I recommend you use a Computer Algebra System such as free Maxima (wxMaxima is the graphical user interfaced one) available for all operating systems to explore the details. In particular, if the direction vectors have unit lengths in Euclidean coordinates, you'll find a lot of the math related to lines becomes much, much simpler. (You'll be able to omit many $\lVert\vec{a}_\Delta\rVert$ and $\lVert\vec{b}_\Delta\rVert$ multipliers and divisors, in particular.)
Best Answer
This sounds like a computer graphics problem.
Suppose $P$ is the point you want to parametrize.

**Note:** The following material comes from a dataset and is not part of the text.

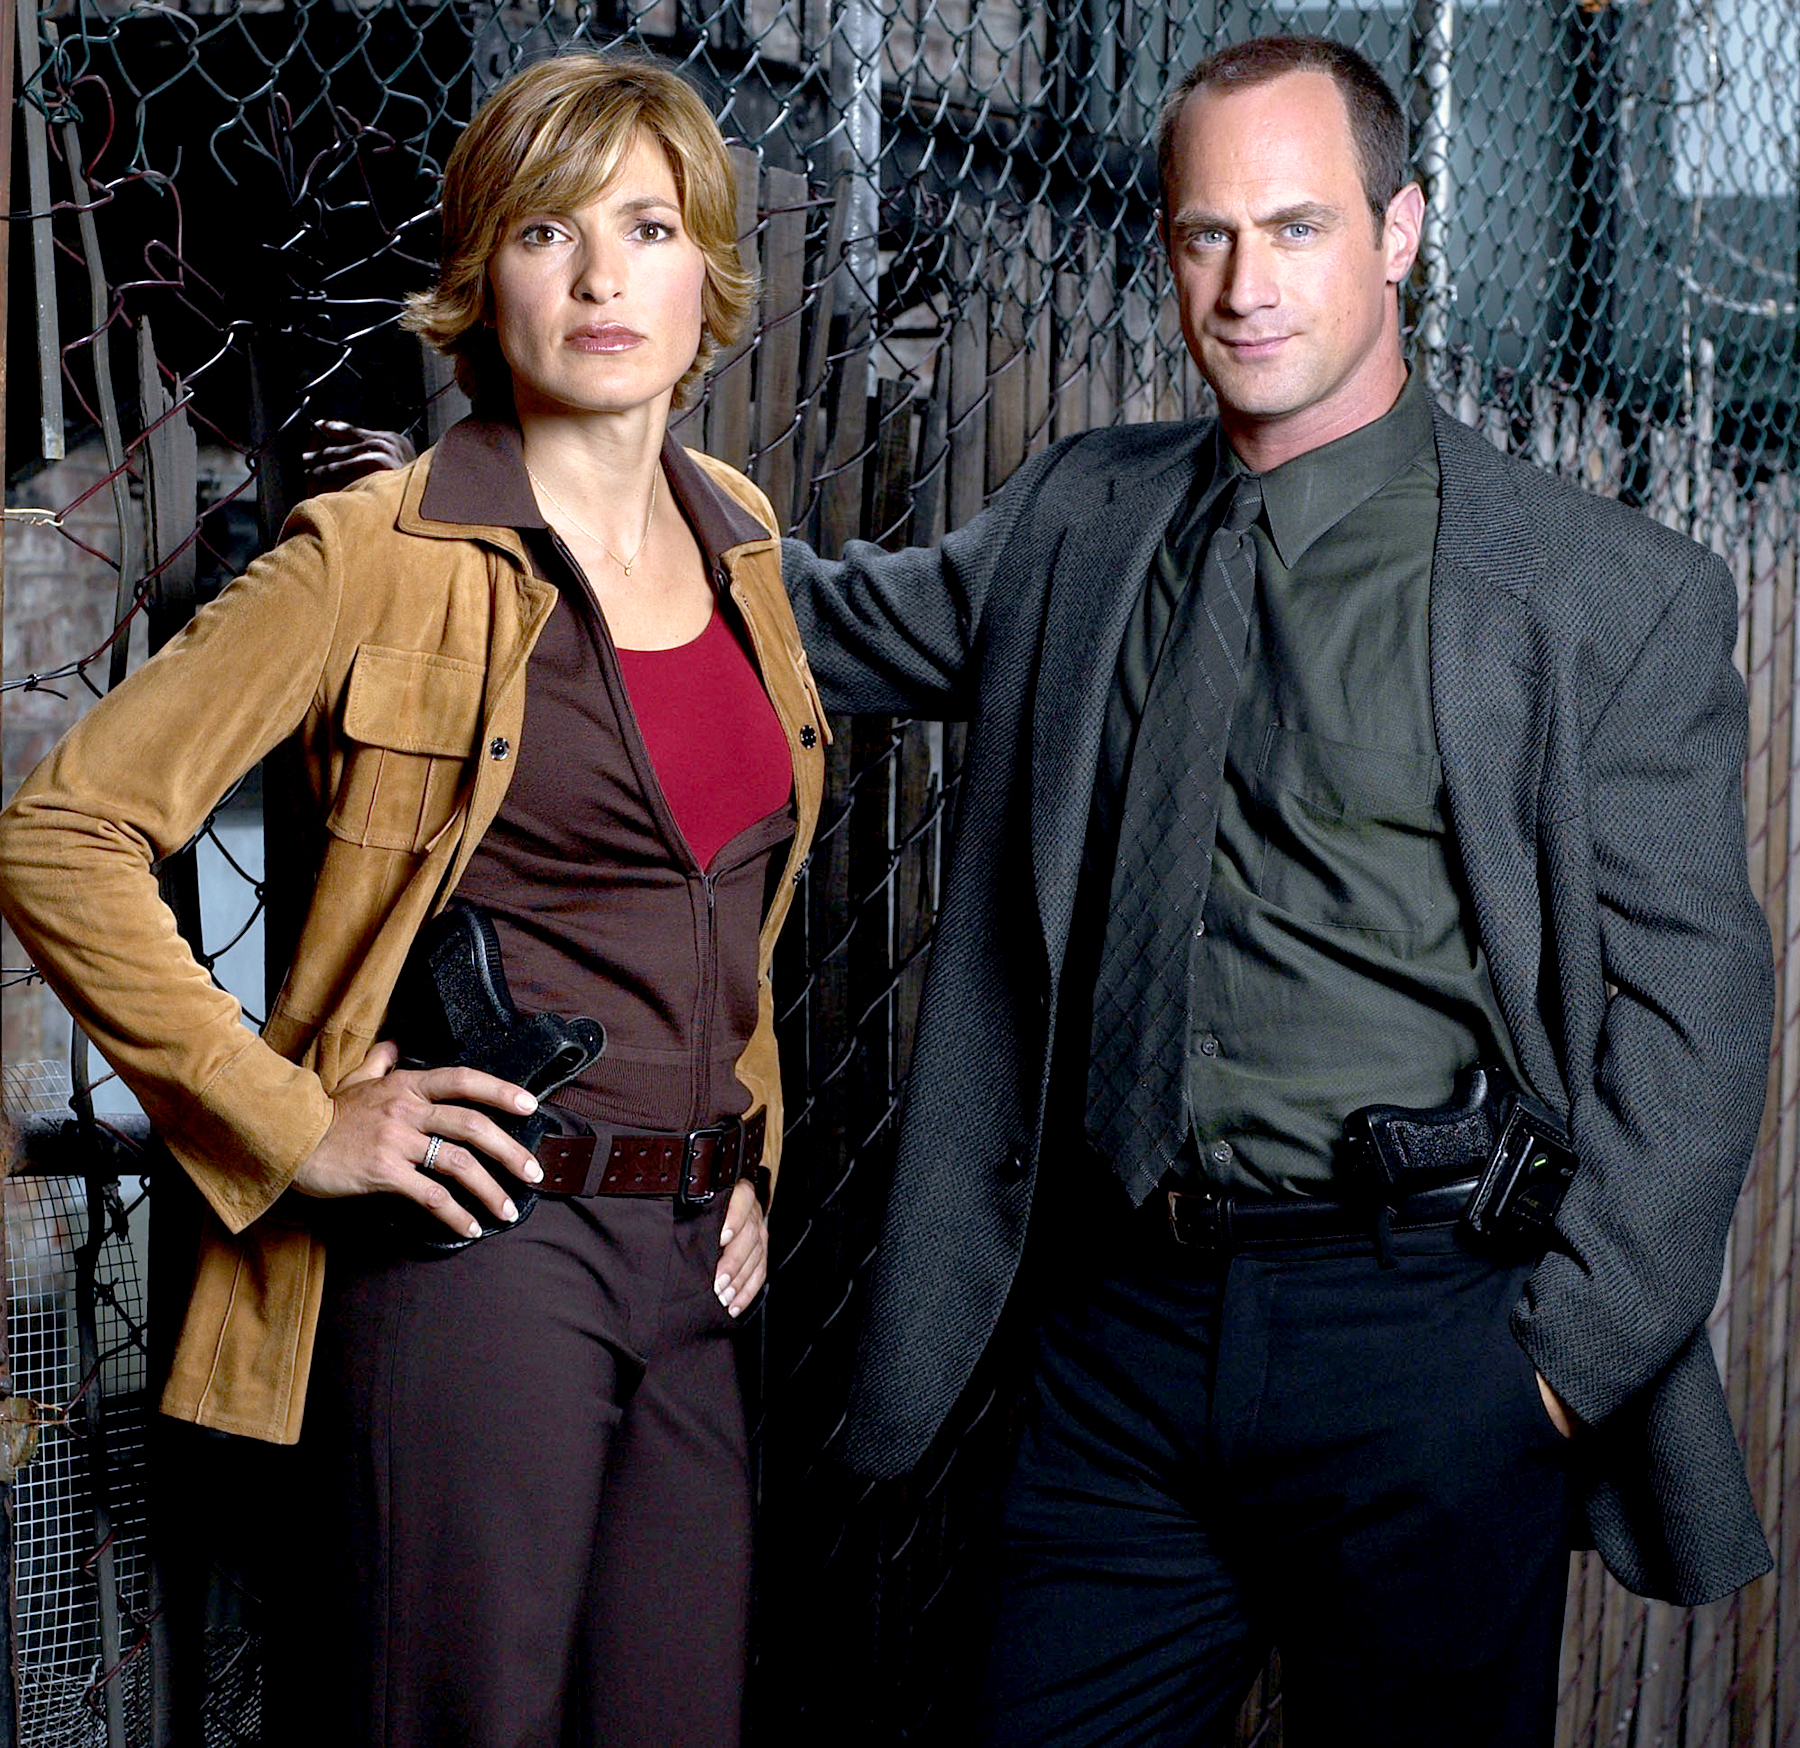 Mariska Hargitay as Detective Olivia Benson and Christopher Meloni as Detective Elliot Stabler
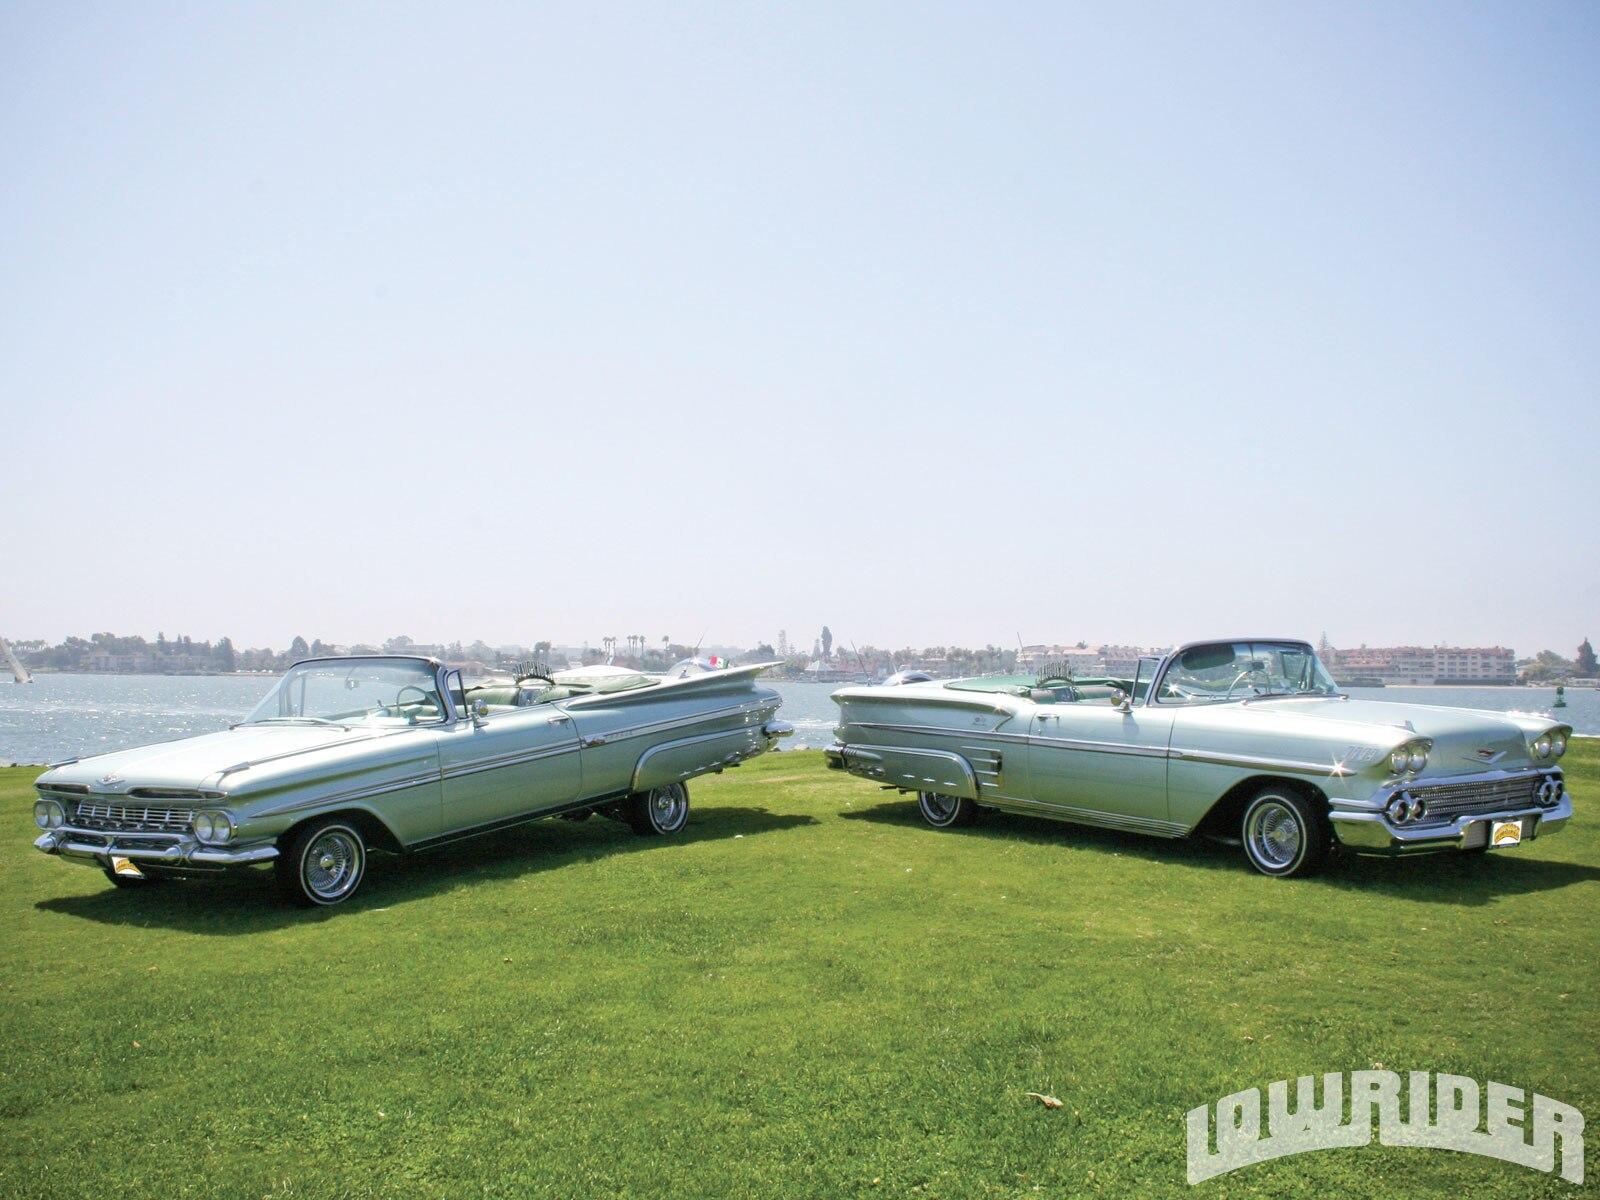 1102-lrmp-05-o-1958-and-1959-chevrolet-impala-convertible-convertibles2

Let $T$ be a triangle with vertices $x_1,x_2,x_3$, vertex normals $n_1,n_2,n_3$ and UV coordinates $u_1,u_2,u_3$. You want to find a point $X=ax_1+bx_2+(1-a-b)x_3$ with normal $N=an_1+bn_2+(1-a-b)n_3$ such that $N$ is parallel with the line $XP$. This will be the case if the cross product $C=N\times(P-X)=0$. The vector $C$ will have three components that are 2nd degree functions in $a$ and $b$ so you have to solve for $a$ and $b$. This is essentially solving for the intersection of three conics. Best to find an existing solver, but check out this question and answers: Algorithm: Intersection of two conics
Once you have this information, compute the signed distance $w$. And $(u,v)=au_1+bu_2+(1-a-b)u_3$, so the parametrization of $P$ with respect to $T$ is $(u,v,w)$.
It remains to choose a triangle $T$. Depending on how much the sphere is deformed, there may be more than one $(u,v,w)$ coordinate for a point. But your best bet should be to choose the triangle closest to $P$.